There was much more to James Garner than Bret Maverick and Jim Rockford. Here are ten movies roles which he should be remembered for, as well.
For a certain generation, he will always be the quick-witted, adroit cardshark Bret Maverick in Maverick. His slick, snide persona left a major impact, even after he walked at the end of the third season (the show ran for another two years).
For others, he remains the laid back beach bum private dick Jim Rockford, a problem-plagued PI whose questionable abilities were quelled by his flashy (?) fashion sense, beachside mobile home office/residence, street savvy, and complicated backstory (he served time in prison on a wrongful conviction). Audiences loved this Maverick-like update (co-producer Roy Huggins was responsible for both shows) and it set a standard for which actor James Garner would be both grateful and a bit glum.
The Rockford Files was so successful, in fact, that its theme song became a Top 40 hit and the actor felt he had been stereotyped as a middle-aged, down to earth slacker. He would revisit both characters (for financial reasons) throughout the rest of his career.
But there was more to Garner (who passed away last week at the age of 86) than two iconic TV roles. He grew up James Bumgarner in Norman, Oklahoma, the youngest of three boys. After his mother died when he was five, his father remarried, and his stepmother was horribly abusive. After an attempt at the Merchant Marines, he moved to LA and began modeling. He served in Korea, received the Purple Heart for his wounds, and returned to civilian life to try his hand at acting.
He landed work in commercials and was soon playing minor roles in films. Maverick would be his big break, but he worked steadily in films throughout the '60, '70s and '80s. In fact, his movie work remains one of the most under appreciated aspects of his career. In lieu of an obituary, here are our picks for his ten best performances. They range from comedy to drama, Westerns to war efforts. One thing was constant, however. Garner was great in all of them, beginning with this melodrama disguised as an intriguing cinematic experiment:
By including real life racing footage and cameos from famous Formula One racers, this movie made a significant impression on 1966 audiences. Perhaps even more impressive, however, was the use of 70mm Cinerama in some locations (a process which offered three separate 35mm prints synced up to run simultaneously). Garner is great as the American looking for a comeback -- and bedding the disgruntled wife of one of his rivals -- though he is often overshadowed by the triptych nature of John Frankenheimer's storytelling. Yet it says something about our star that he can make a major impact among all the RPMs and screening stuntwork.

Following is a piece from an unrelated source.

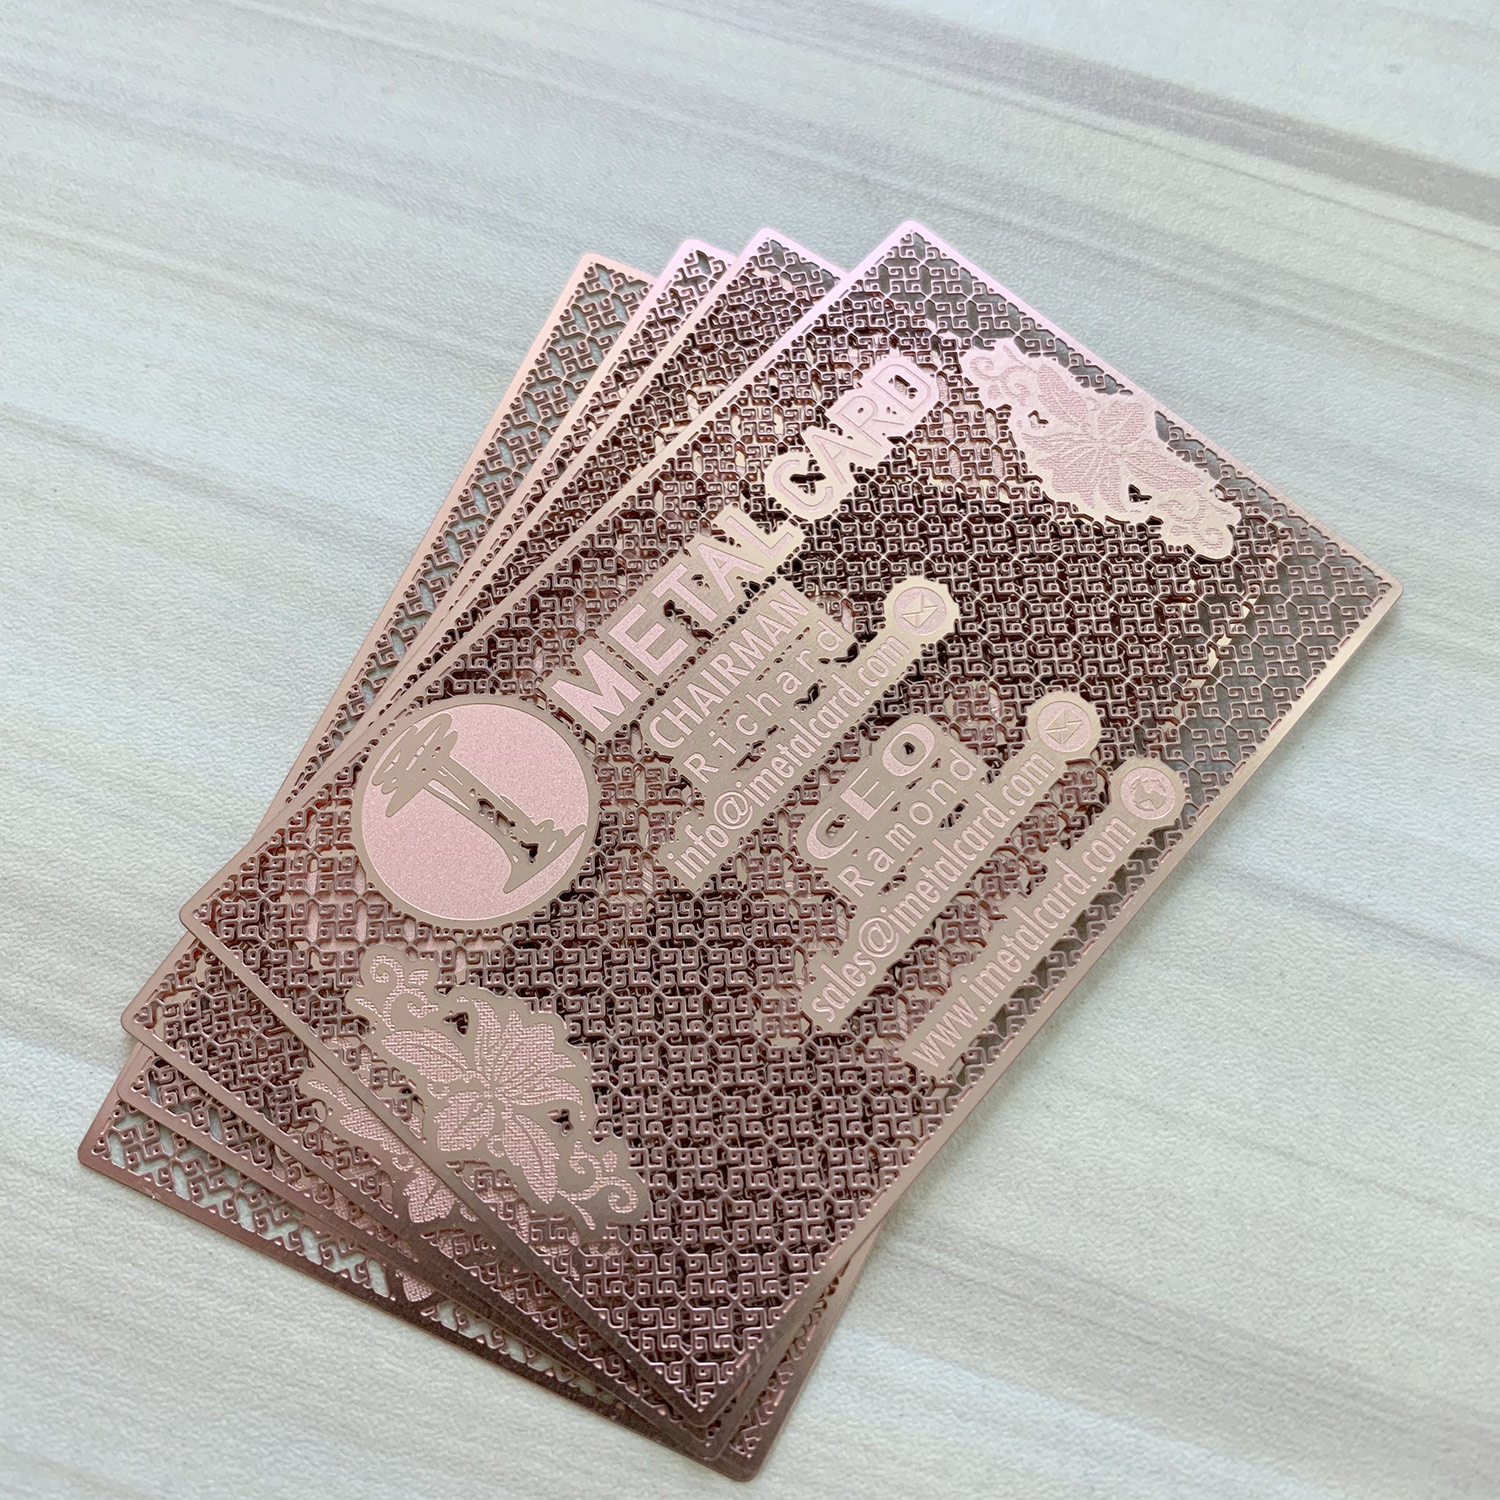 Thin rose gold metal business cards

There was a time, during the late '50s and early '60s, when Garner was partnered up with Doris Day. Together, they created ongoing roles that we now think of as a "RomCom given", i.e., a slick and smart hunk who can't see the fetching female forest for the stuck in the same old male chauvinist mode trees. In the case of this hilarious movie (written by Carl Reiner and Larry Gelbart) she is a housewife who becomes a TV commercial pitchwoman. He's the successful doctor who wants his little woman "back in the kitchen". Considering how dated (and hateful) his character can be, Garner still manages to give his befuddled hubby an appealing side.
Reunited with Julie Andrews (his co-star in The Americanization of Emily), Garner is the mobster and club owner, King Marchand. In Paris looking for possible acts, he stumbles across a Polish female impersonator and is immediately smitten. Of course, it's Andrews. Of course, Marchand can't have his sexuality questioned. Of course, things end up in a hilarious last act filled with Blake Edwards' patented big screen slapstick and farce. While Garner's character is proven "right" in the end (he didn't fall for a man, after all), the sequences where it's suggested that his character may be gay are some of the best, most subtle comedic acting he ever committed to film.